Последние несколько лет Анна жила в деревне, и, как мы уже рассказывали, она там не прохлаждалась: кроме трудов на земле, она ухаживала за гостившими, приезжали дети и внуки, гостили монастырские товарки, – в общем, только успевай поворачиваться.

Однажды осенью посчастливилось ей одной задержаться в своей деревеньке аж до конца ноября. У дочери начиналась учеба, Анне же предстояло готовить участок к зиме. Работ было много: обрезать, очистить, перекопать, посадить…
Ей повезло с днями: все были солнечные и на удивление тихие. Сентябрь пари;л над этим обезлюдевшим местом, которое давно уже покинули суетливые дачники, в прежние столетия бывшие здесь самыми что ни на есть коренными жителями, а теперь превратившиеся в довольно надутых от своего раздавшегося благополучия новых русских.

Не осталось и ближних к Анне соседей, только в самом конце деревни чуть живыми стояли два еще обитаемых дома. Один – старый, осевший набок, когда-то изысканно украшенный кружевной резьбой и живой оградой яблонь старинных сортов, которые теперь, отяжелев сочными, багровыми мельбами и сафьяновыми анисовками льнули ветвями долу. Никого-то не радовало и не привлекало это дивное приношение природы – яблоки ждали, ждали, да и ложились на землю своей карминной россыпью. Красота…
Сначала умерла мать, остались отец с сыном Ивановы – когда-то очень по-русски статные мастеровитые мужики, и оба с золотыми, но уже покалеченными руками. У каждого не хватало отрубленных по пьянке пальцев. Они пили даже и в эти дивные сентябрьские дни, догрызая жалкие остатки посевного чеснока. Жить им оставалось только два года до того страшного рассвета, когда оба смертельно угорят, а после и сгорят в пожарище в своем покосившемся отцовском доме, в своей пустой и голодной, пропитой до последней тряпки избе.

Теперь в этом доме с выгоревшими черными окнами и заваливающейся крышей жили только птицы…
Была еще и сердитая Марина с коровой. И ей уже оставалось недолго исподлобья оглядывать мир: невесело она избывала свой век, чувствовалось, что на душе ее лежала какая-то неподъемная тяжесть.

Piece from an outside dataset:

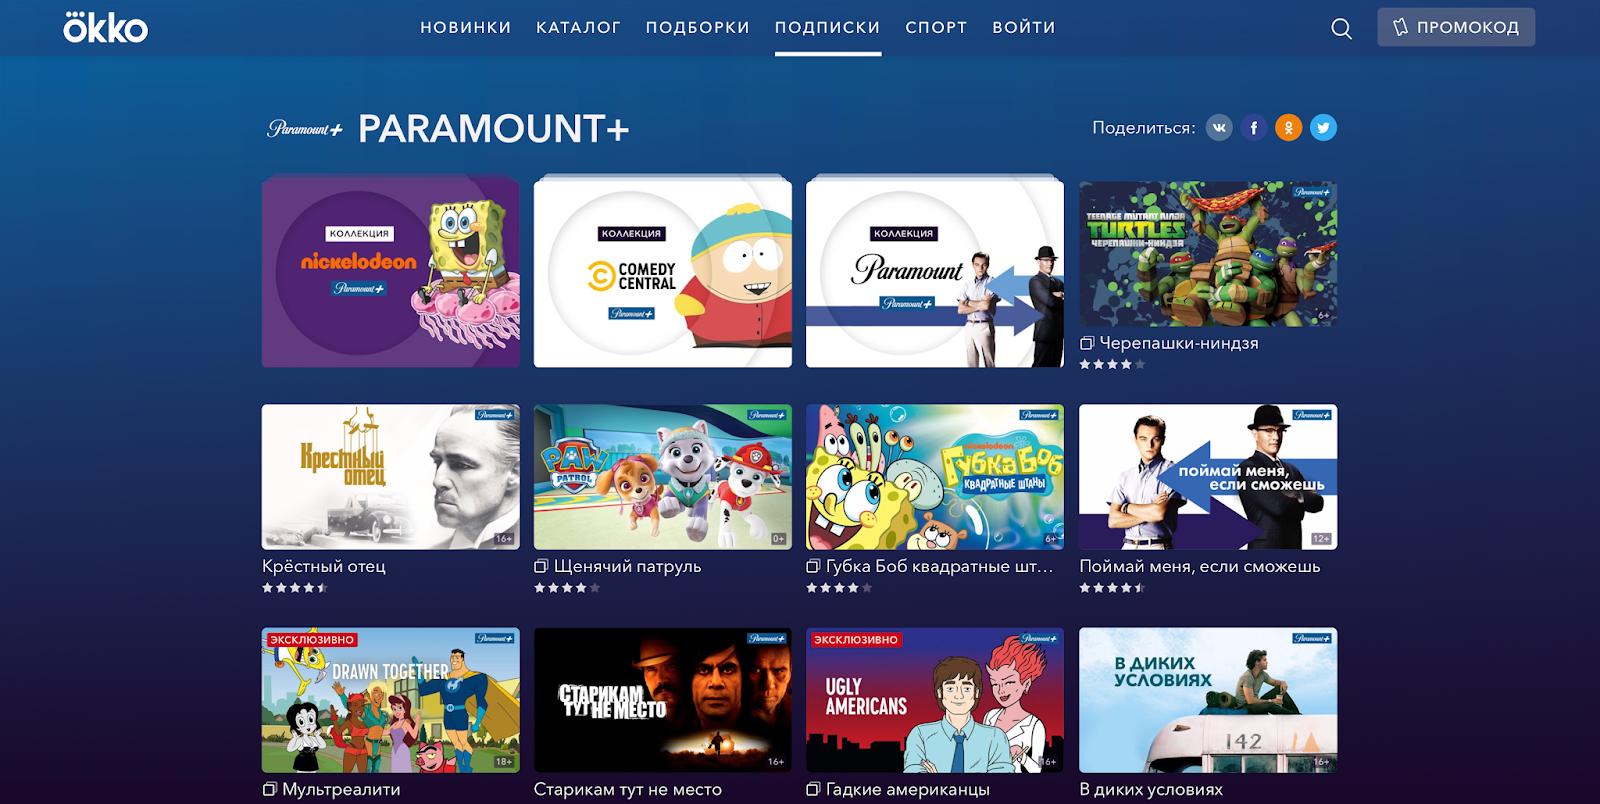 Paramount deberá enfrentar una seria competencia on el resto de las empresas de streaming de video

Имелось еще несколько человек по дальним краям деревни, но в церковь за 13 верст уже десятилетиями никто не ходил и не ездил даже и на автобусе. Последний верующий – дядя Коля, Николай Васильевич, странный одинокий старик, трогательно скучавший по давно отошедшей к Господу любимой жене Екатерине, пополам согнутый, как искалеченный бандитами преподобный батюшка Серафим Саровский, еще медленно тянул на праздники в большое село Спас с палочкой и с вечной своей спутницей – маленькой, очень доброй и умной собачкой Чернушкой.

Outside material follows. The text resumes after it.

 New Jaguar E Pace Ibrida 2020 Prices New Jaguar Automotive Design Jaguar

Пока он стоял на службе, всё такой же согбенный, замшелый, неухоженный, привалившись двумя руками и грудью на палку, она тихо ждала его за церковной оградой, пока выйдет он со своими освященными березками с Троицкой Божественной службы с ее лежанием на листу и страшными коленопреклонными молениями.
Николай Васильевич нередко заходил к Анне посидеть вместе на завалинке. Анна их с Чернушкой подкармливала, носила им продукты, потому что если и был кто на деревне, то дяде Коле всё равно не помогали, а злобно ругали его, не прощая странностей: того, что вот он-де, такой старый и немощный, а зачем-то еще держит этих овец в дому; злились, что зажился. А держал он овец по старинке, по привычке. Всю жизнь раб Божий Николай Васильевич промышлял овечьей шерстью, жена вязала красивые чулки, и они этим худо-бедно кормились. Теперь-то кому нужна была эта шерсть… Никто возиться не то что с шерстью не хотел, а и картошку давно уже никто не сажал. Но овцы всю жизнь кормили старика, и он сжился с ними и не мог вот так вот враз всё оборвать.

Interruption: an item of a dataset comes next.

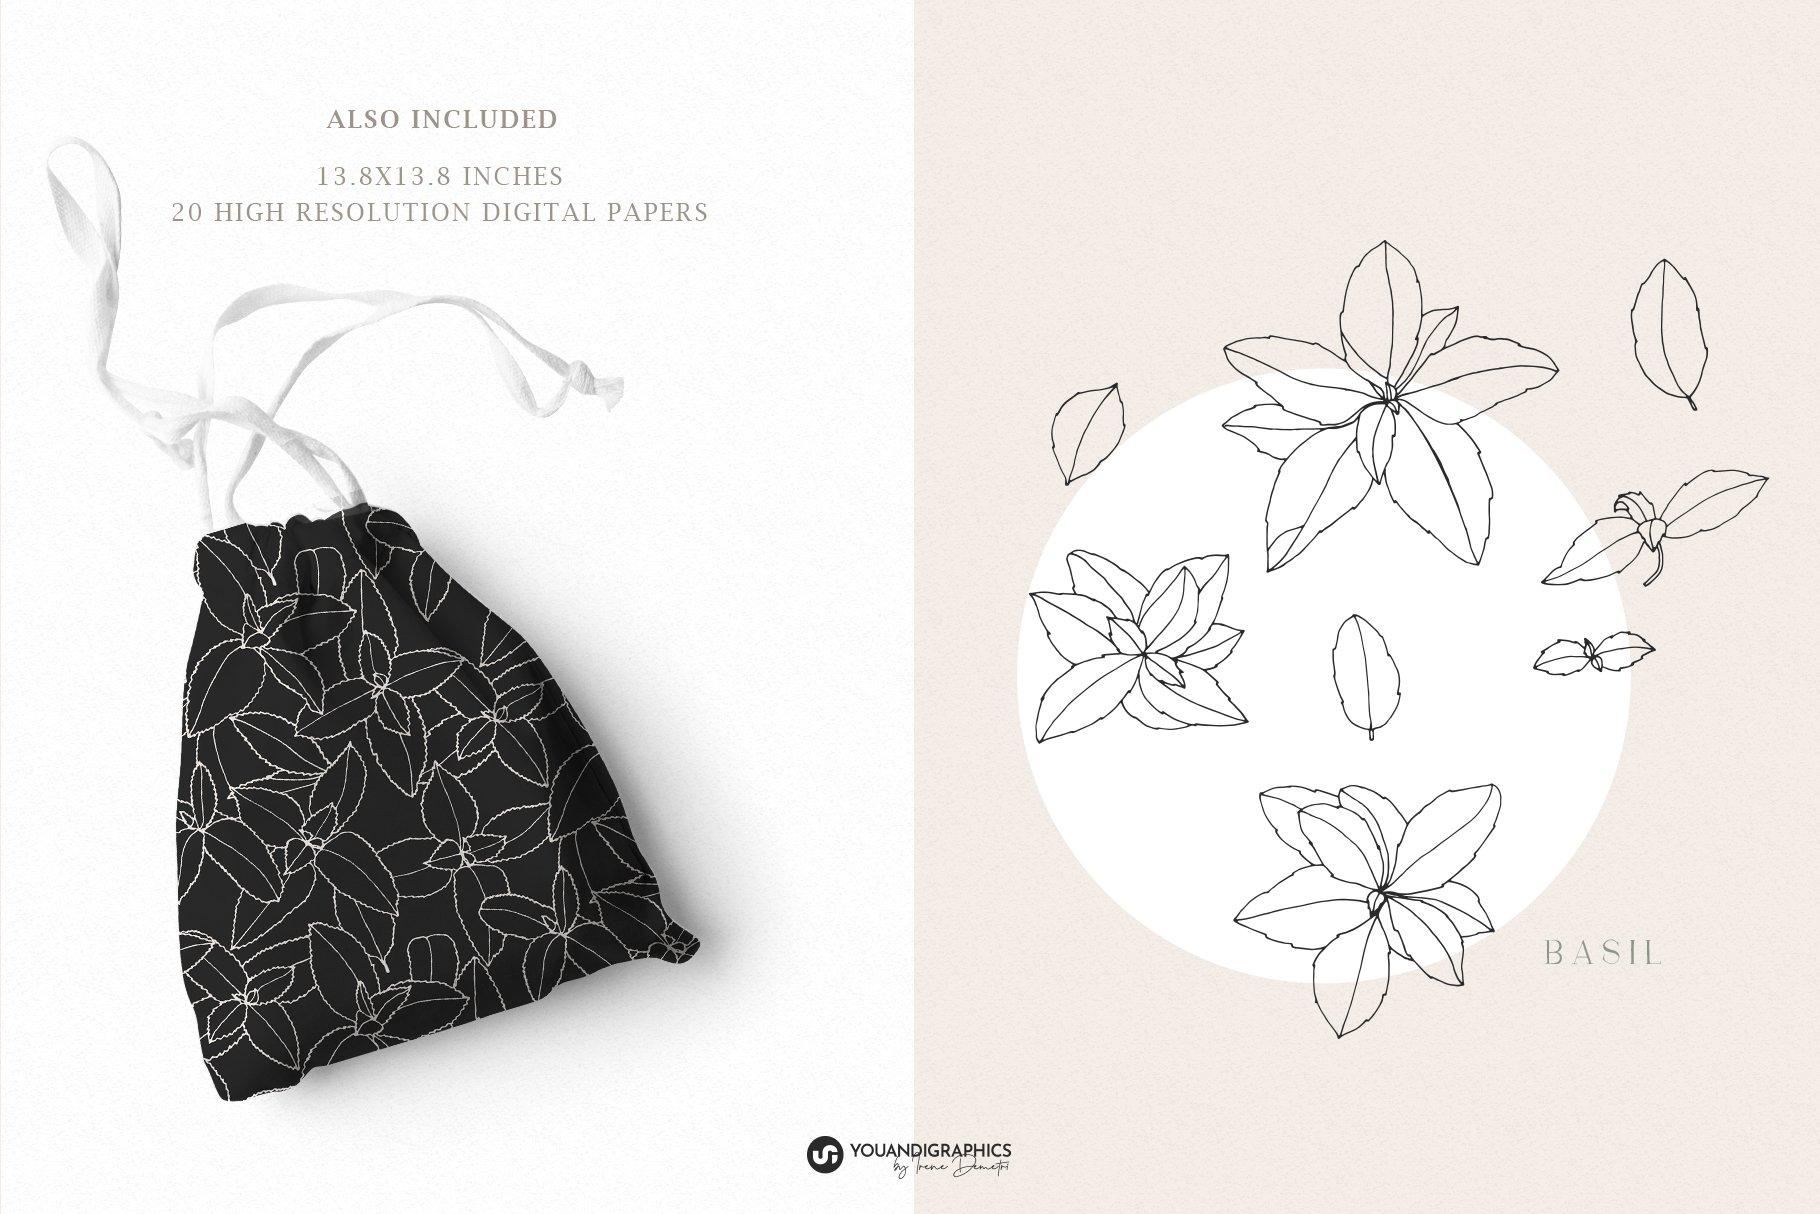 优雅中药草药花草手绘无缝隙矢量图案设计素材 Herbs Patterns & Illustrations插图4

Пока что каждый день мимо Анниного окна бежали к речке на водопой черные нестриженые овцы, рядом семенила Чернушка, а уж позади хромал и согбенный дядя Коля. Трогательное это было семейство, и Анна, глядя на них – на эту одинокую старость, на последние остатки уходящей деревенской жизни, – терла глаза.
Однажды, совсем уж под конец, в последнее свое лето, дядя Коля принес Анне какой-то альбом, а в нем были репродукции собрания картин, судя по всему принадлежавшего когда-то князьям Шаховским, имевшим неподалеку от этой деревни охотничью усадьбу. Усадьба, как водится, во время о;но была разгромлена и растащена, а этот альбом, возможно, стал драгоценной добычей дяди Колиной молодости. Теперь, как свою главную драгоценность, он решил подарить его Анне.
Родня только и ждала его смерти. Тут же участок с его развалюхой запродали кому-то из дальних деревенских родственников, давно уже ставших в ряд успешных горожан, и теперь там, на пустыре, несколько чеченцев вели стройку большого шале на европейский манер.

Только с дядей Колей Анна и могла поговорить о Церкви и о Боге. А все остальные относились к этим разговорам враждебно, если не злобно. Однако пакетик с самыми простыми освященными крестиками, который Анна привезла в начале лета, к осени у нее весь разобрали. И немногие жители деревни, и новые дачники – все почти теперь красовались с крестиками на груди.

Заходили к Анне и деревенские пьяницы, следы которых вскорости тоже сдул ветер опустошения – через год-два. Бедные, несчастные души, которые никто не любил… Получил свой крестик Саша. Любовно принял он его у Анны. А еще говорил ей: посмотри, что у меня есть, – и показывал висящую на груди на шнурке маленькую и уже совсем стертую иконочку Владимирской Богоматери. В три дня он сгорел от цирроза печени.
 
Ушел и другой сосед Анны – Володя, да и вся его семья словно вмиг исчезла с лица земли. Остался плохо заколоченный дом, в окошках которого еще можно было разглядеть старинный «Зингер» с недошитой занавеской; роспись будущего огорода – что где сажать – за какой-то давно улетевший год; брошенные, словно в бегстве, случайные предметы, старые семейные фотографии на стенах – словно этим жителям была объявлена воздушная тревога, да так и не вернулся никто после нее. И только буйно цвел у стен заброшенного дома какой-то редкостной красоты и яркости шиповник, наверное, тоже выкопанный в свое время из бывших княжеских угодий…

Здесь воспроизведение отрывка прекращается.